I mistook his passion for the desperation that was within me. It was painful and sickly, yet I had seen in it an expression of loneliness, the reflection of my own. I waited silently until it was over, my jaw clenched, my eyes closed shut. I could not believe that the warmth of his body was mine. Yet there was no tenderness in his touch, it was the touch of possession. It released me once its purpose was gratified, his lips had never touched mine and I began to suspect that my starvation was of a different kind than his. Contrary to my hopes, I felt my emptiness grow and did not know how to keep it from consuming me. After he had finished, I did not move from where he had left me, I lay on the floor beside my clothing and listened to his footsteps in the dark.
"I did not take you to be a fragile creature that shatters at the touch. I did not believe you to be soft hearted, or is it your pride that is wounded?" I could perceive the discomfort upon his brow and knew that he was not without remorse, yet that was not the emotion which I sought, there was no satisfaction in it for one who is as I am.
"It is the brittle heart that shatters. I have long shut away the inconvenient emotion, it was not reserved for you, yet you took it against my will and my better judgement," I answered him.
"Do you not know what to do with yourself now, is that why you have come here? How pitiful you are. Is this all that you wanted," then, he kissed my lips, pausing long enough to give the gesture its potency before withdrawing to witness the effect. Indeed a nauseating heat rushed through me and my longings were written upon my face for him to view. Yet I did not despise my secret, for it was no secret to him for whom my thoughts and my heart were laid open.
It was no longer within my control.
"Will you be cruel to me if I live?" I asked him, meeting his gaze.
"You are cruel to yourself Armitage," I could feel that he was toying with me, yet it did not prevent my delusion.
He got up and turned to look out at the bog and there was silence between us for some time as we listened to the wind. It felt almost tranquil, if in silence we had thus remained I wonder if my heart would have stopped beating as it did, as though it sought to escape from my automaton body.
Perhaps it was not too late, to go back to the past, to feign ignorance of my madness. That morning I believed it could be so. As the days passed I knew that he believed likewise, if only my own painted mask and the balm of routine had been enough for me.

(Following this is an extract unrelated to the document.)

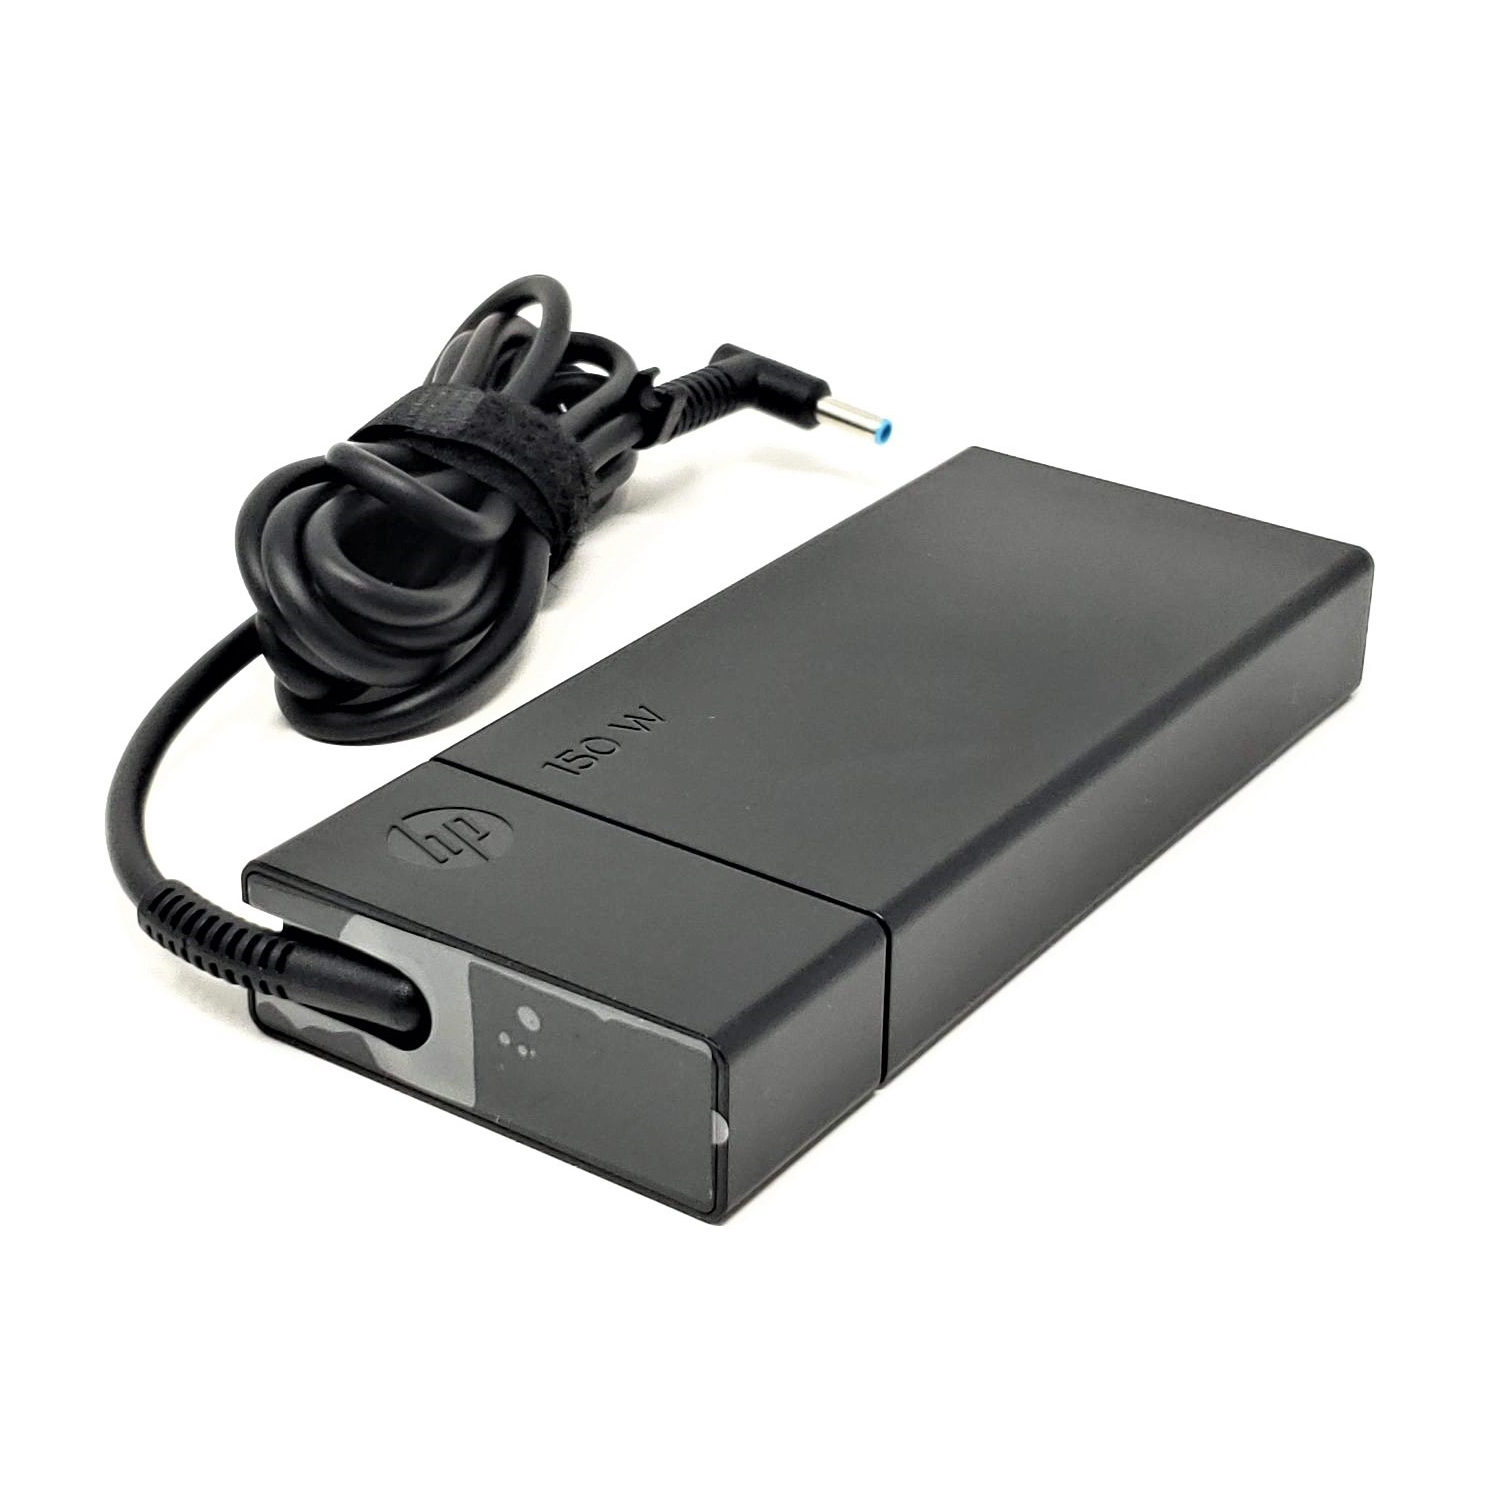 Refurbished (Good) Genuine HP AC Adapter Charger 19.5V 7.7A 150W 4.5*3.0mm Blue Tip

Could I hope that with time I would be able to stop this feeling, without extinguishing its source? As I saw him stand at the edge of the bog, for the briefest moment I imagined his body falling by the momentum of mine, our limbs entangled.
He turned to me, smiling, as though to say – it is time we leave. He watched as I retrieved my dagger from where it waited, piercing the bark of the oak tree.
Slowly, I began to dress, putting on the familiar uniform. I knew that I would try to forget, I would wait for time to heal me. I would learn to loathe him as I had done in the years that came before that night which broke me. I hoped that it would now serve to strengthen my will. I resolved to relight my ambitions, my distractions, and wait. I would wait for weeks, months, years – as long as it took for him to get out of my way.